Offline, promotion reinforcement across multiple touchpoints is mandatory. Unfortunately, it is still a luxury for many online marketers. But only when marketers can take control of certain areas of the site for promotion purposes can they guarantee that the right people are seeing the right promotion -- and that they're seeing it often enough to positively influence their buying decisions.
Think of offline ad campaigns: we place ads in magazines, on billboards, on TV and radio, creating an integrated campaign to reinforce our message at multiple points with consumers. Ideally, this leads them to the ultimate destination -- the store -- where we again highlight the promotion and coax them to buy.

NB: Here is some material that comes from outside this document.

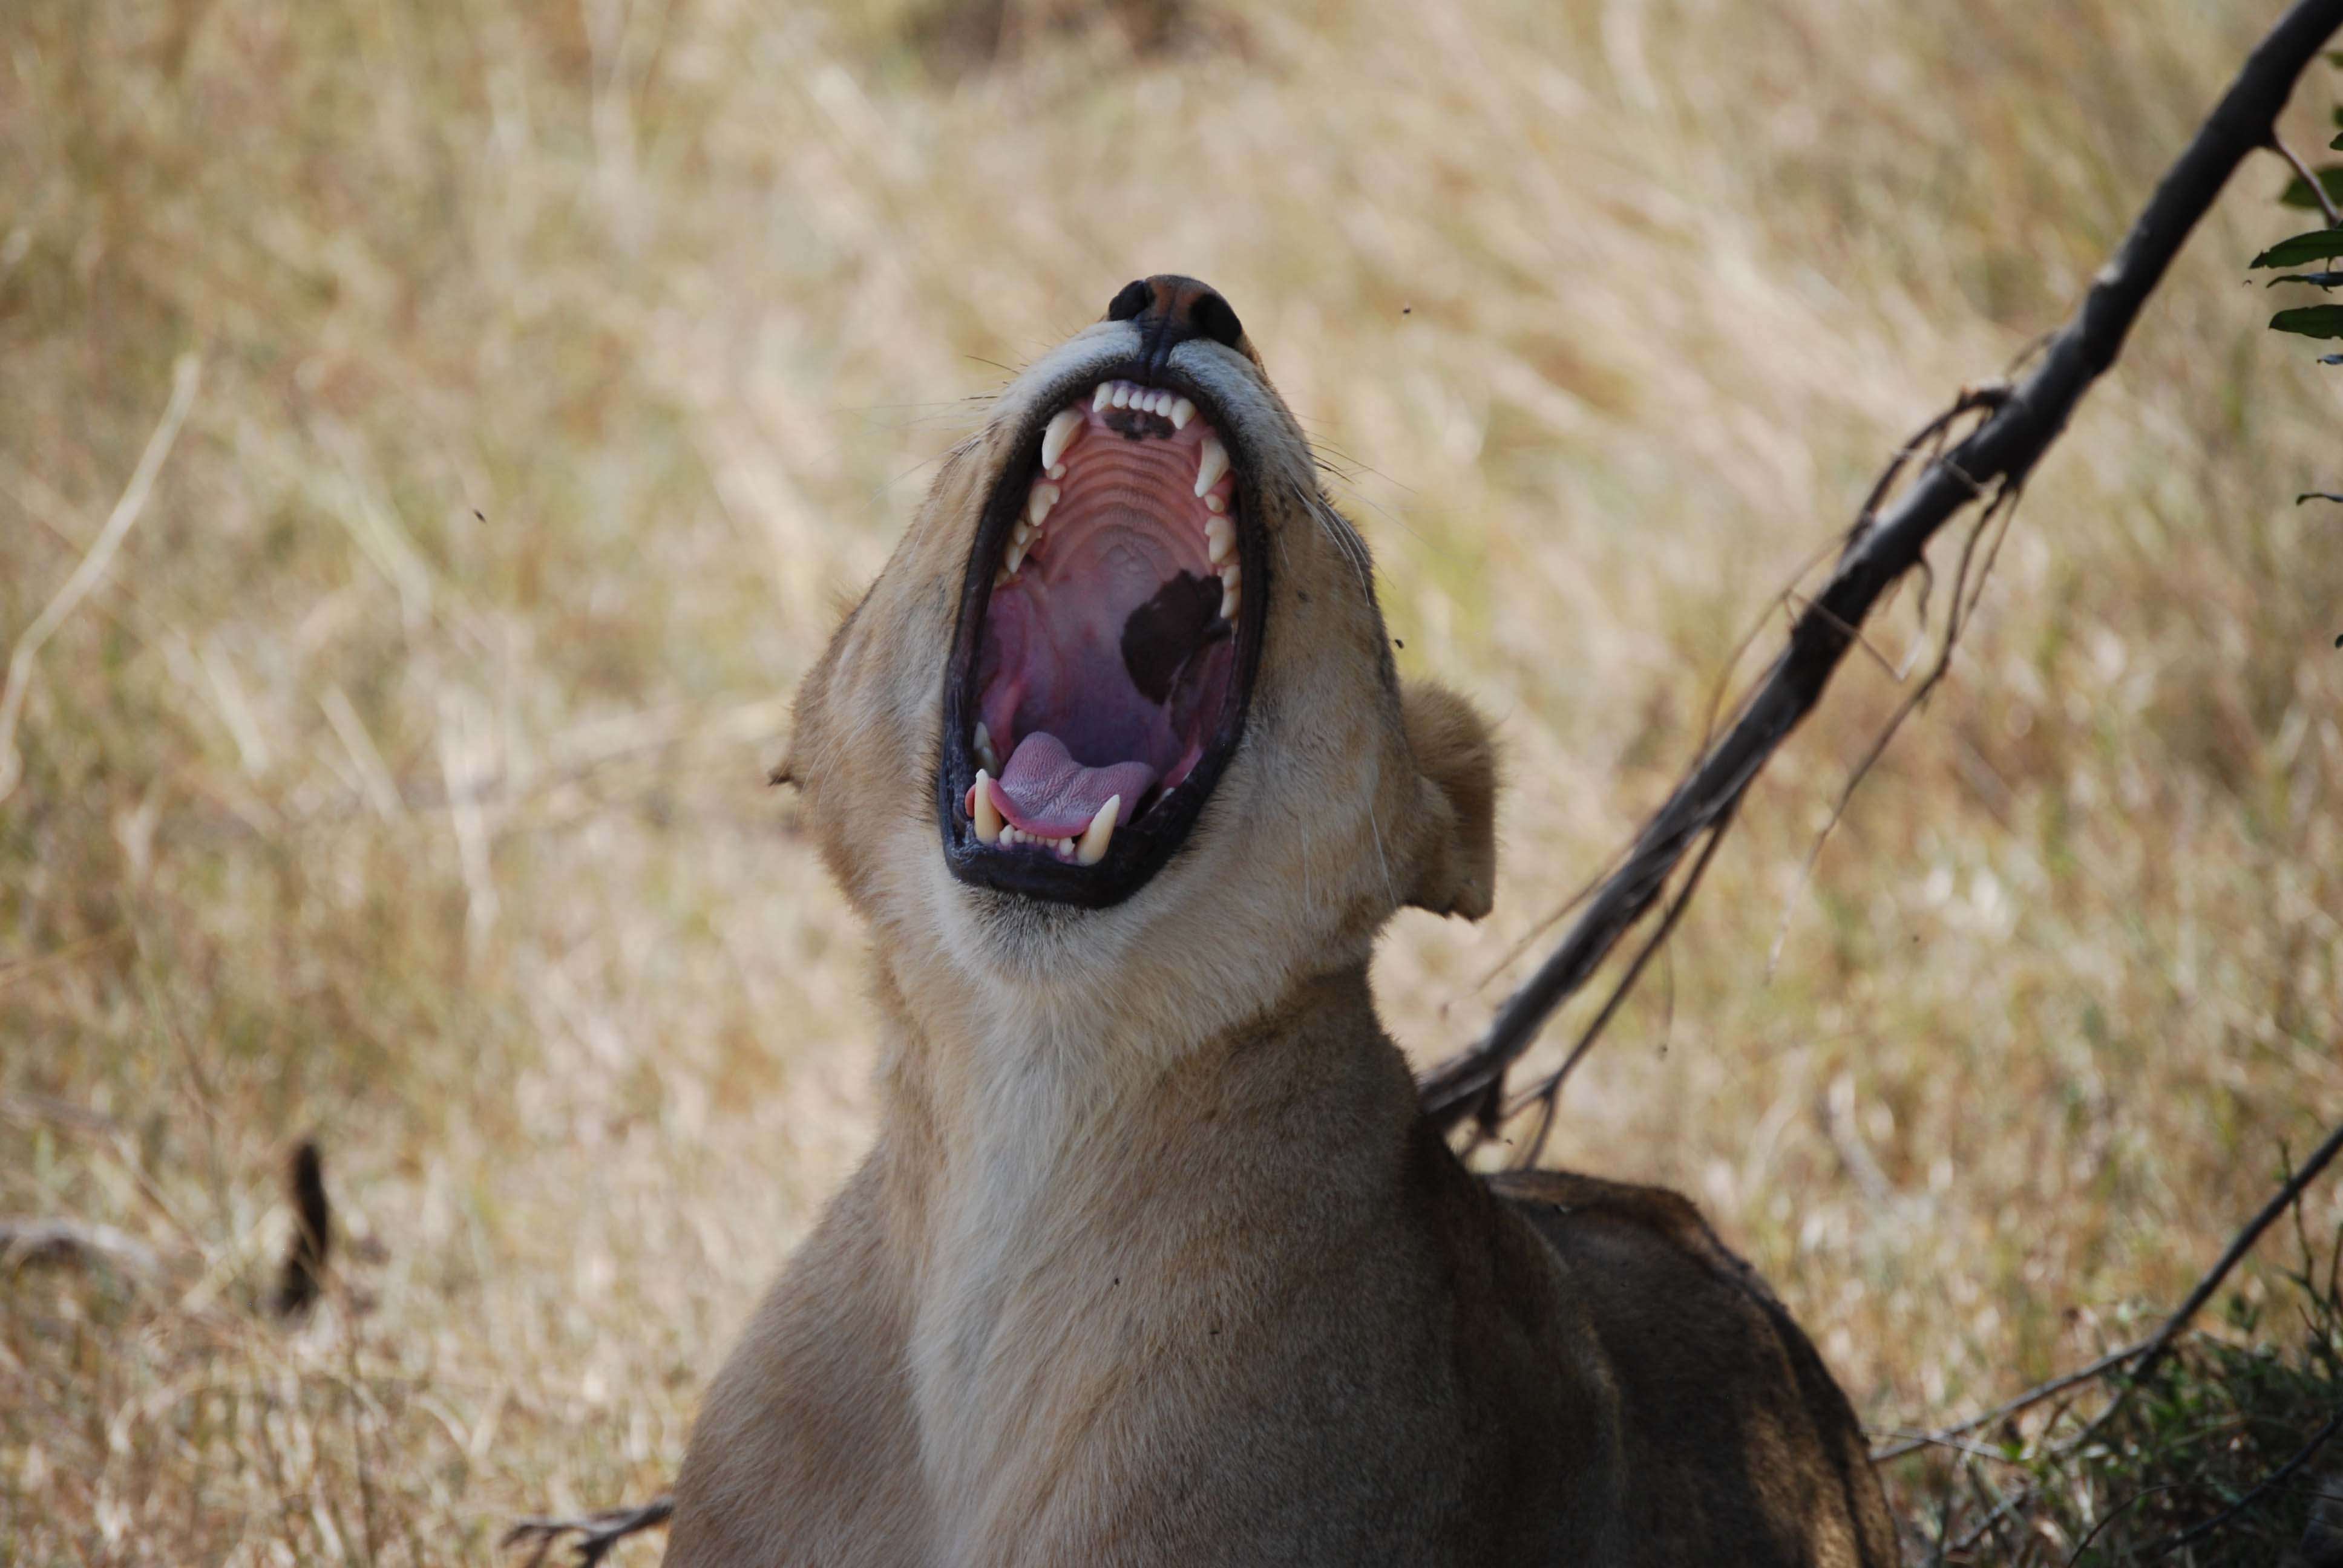 Nuestro primer safari - Regreso al Mara - Kenia (5)

Yet online, we often find that a promotion -- free shipping, for example -- on the home page is so watered down by competing messages or by lack of reinforcement that by the time a visitor reaches a product detail page, the promotion has no power left to propel the visitor the last leg of the journey (to the checkout page).
Reinforcement of promotions can be relatively simple. For example, if you're offering an audience-wide free shipping promotion (the same promotion to every visitor) it's easy to include the free shipping messaging on category pages, product detail pages, and the shopping cart.
The next level, reinforcing a visitor's affinity, is slightly more complex. For example, if a visitor comes to an online pet store looking for dog beds, you obviously want to land them on the most appropriate page for that particular product. But as they browse, you can reinforce their affinity for dog products (as opposed to cat or fish products) by showing other dog-related messages ("10% off engraved dog bowls!").
The true challenge comes when you're running a series of promotions. Say you're offering:
A. Free shipping to anyone who hasn't bought in six months
B. 10% off a single item to first-time buyers
C. Special price reduction on certain items only for your best customers
You want: Group A to see this, this, and this on these pages; group B to see that, that, and that on those pages; and group C... etc.
This is the point where marketers throw their hands up in frustration, and the process stalls out. That's because the level of involvement between various teams, but chiefly between marketing and IT, becomes prohibitive.
But there is a solution: marketing must, to a certain extent, have the ability to put content on the site. This doesn't mean that marketers need to be in control of every bit of every page -- only that marketers be able to designate specific areas on specific pages for promotions, and to be able to change those areas on their own without requiring an investment of time from other departments.
When this happens -- when promotion reinforcement online becomes as mandatory (and possible) as it is offline -- promotions will truly be a powerful tool that positively and consistently influence buying decisions.